UK heatwave: Should I shave my pet’s fur in extreme temperatures?

·4-min read
Should you shave your pet in a heatwave? (Getty Images/iStockphoto)
Should you shave your pet in a heatwave? (Getty Images/iStockphoto)

To say that it is really hot in the UK right now is an understatement, and conditions are about to get worse.

The current heatwave will see extreme temperatures as high as 37C hitting the south of England next week, with a “danger to life” weather warning extended until Tuesday (19 July).

The Met Office has warned that the severe conditions will likely cause serious illness and endanger lives, and there is a one in five chance that Britain could record its hottest ever temperature next week.

The intensely hot temperatures is not just being felt by people, but by our pets too. Seeing them visibly uncomfortable in the heat can be distressing.

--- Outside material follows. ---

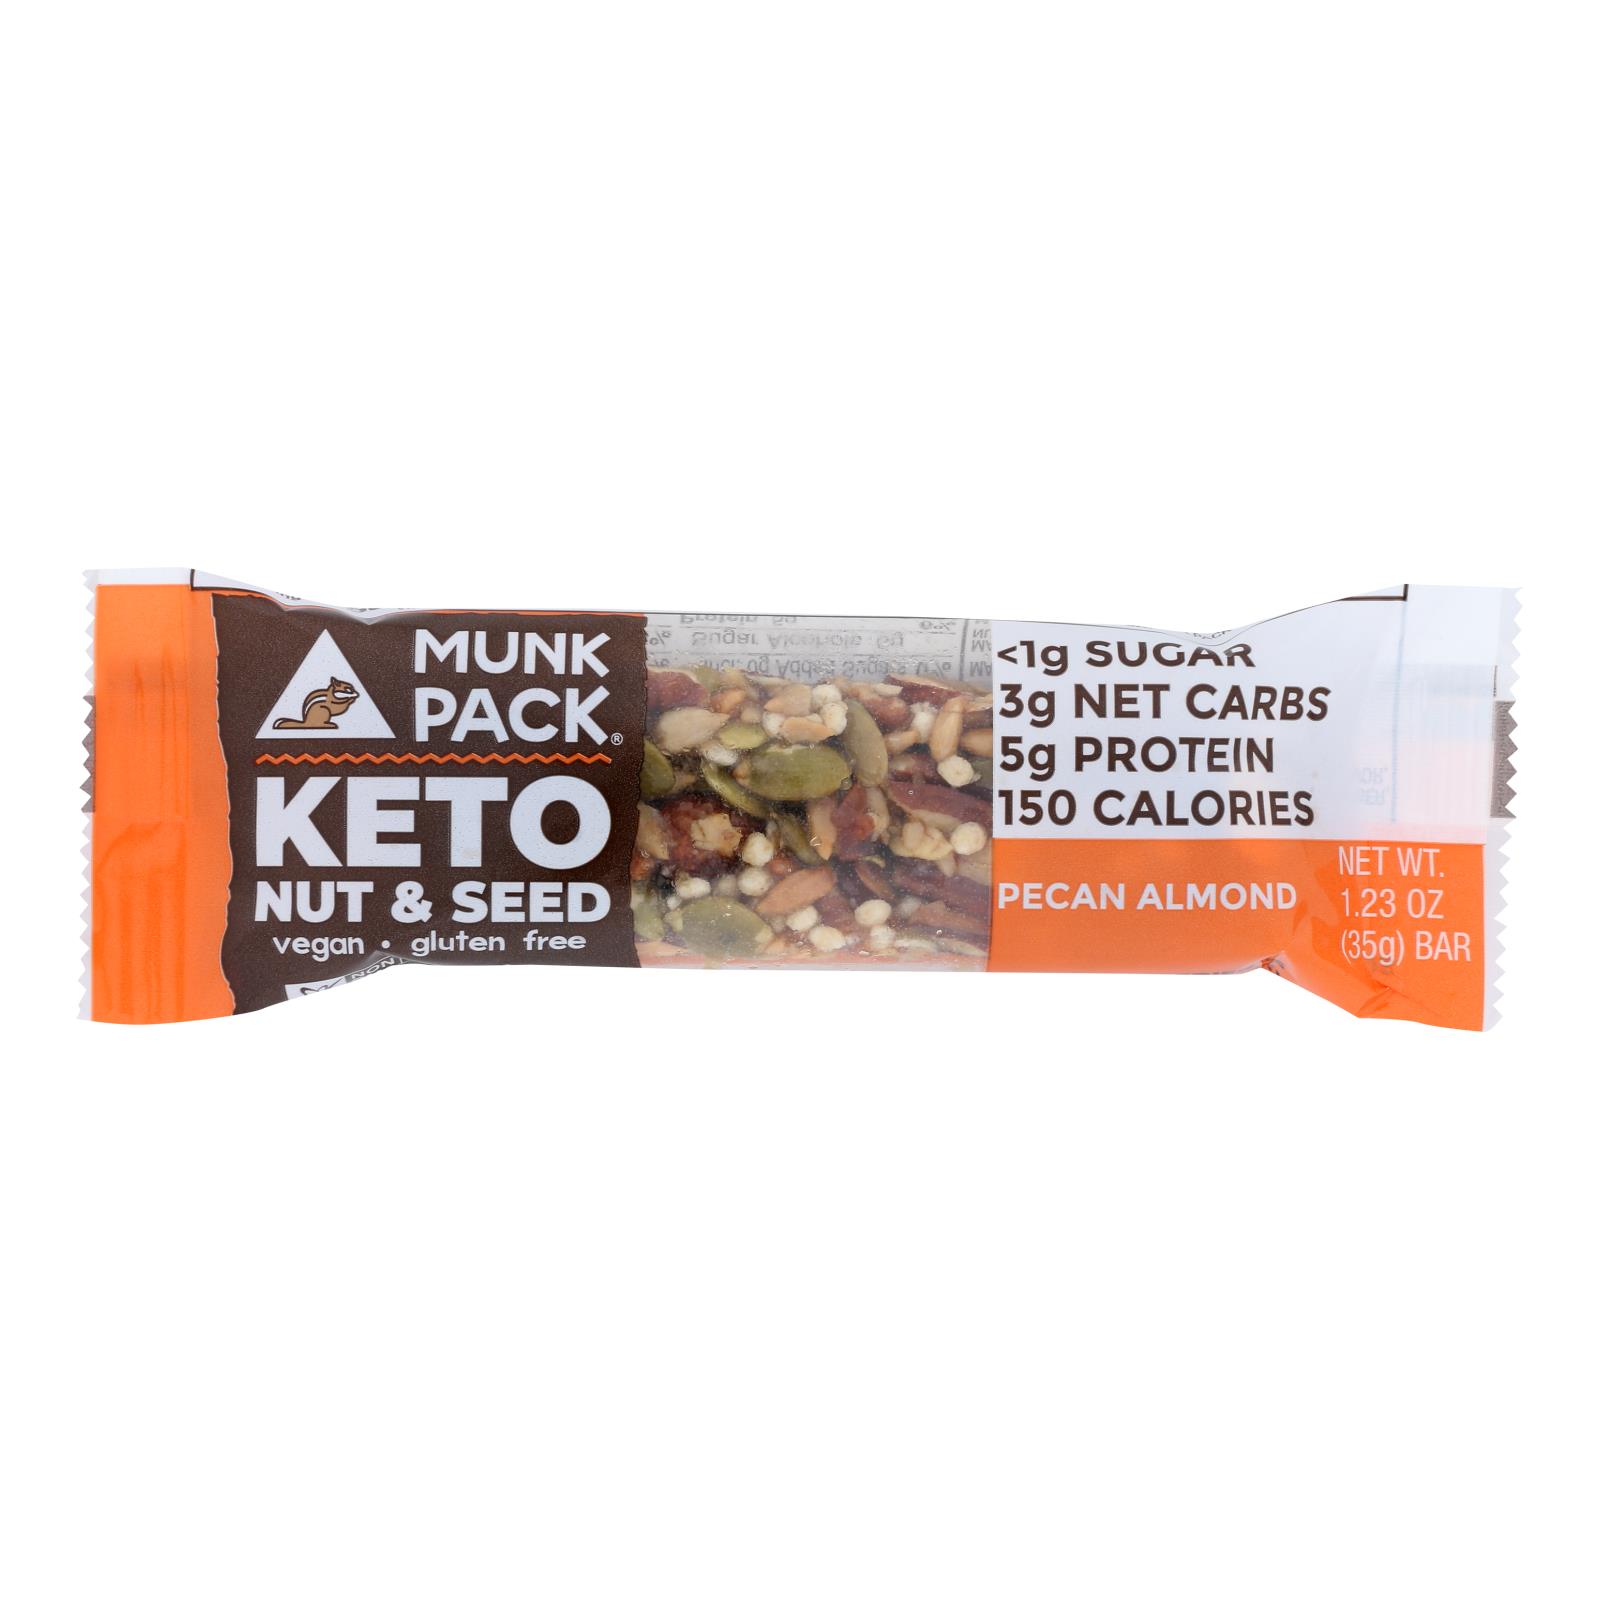 Munk Pack - Keto Nt&sd Pecan Almond - 12개 묶음상품 - 1.23 OZ

As our beloved furry friends pant and search for cool, shady spots to get away from the relentless heat, it might be tempting to think that shaving their fur will help them cool down.

Follow the latest updates on the UK heatwave here

But is it a good idea?

Dr Samantha Webster, veterinarian at Joii Pet Care, warns pet owners to “back away from the clippers”.

“It may seem counterintuitive, but clipping pets’ fur can actually make them hotter instead of cooler,” she tells The Independent.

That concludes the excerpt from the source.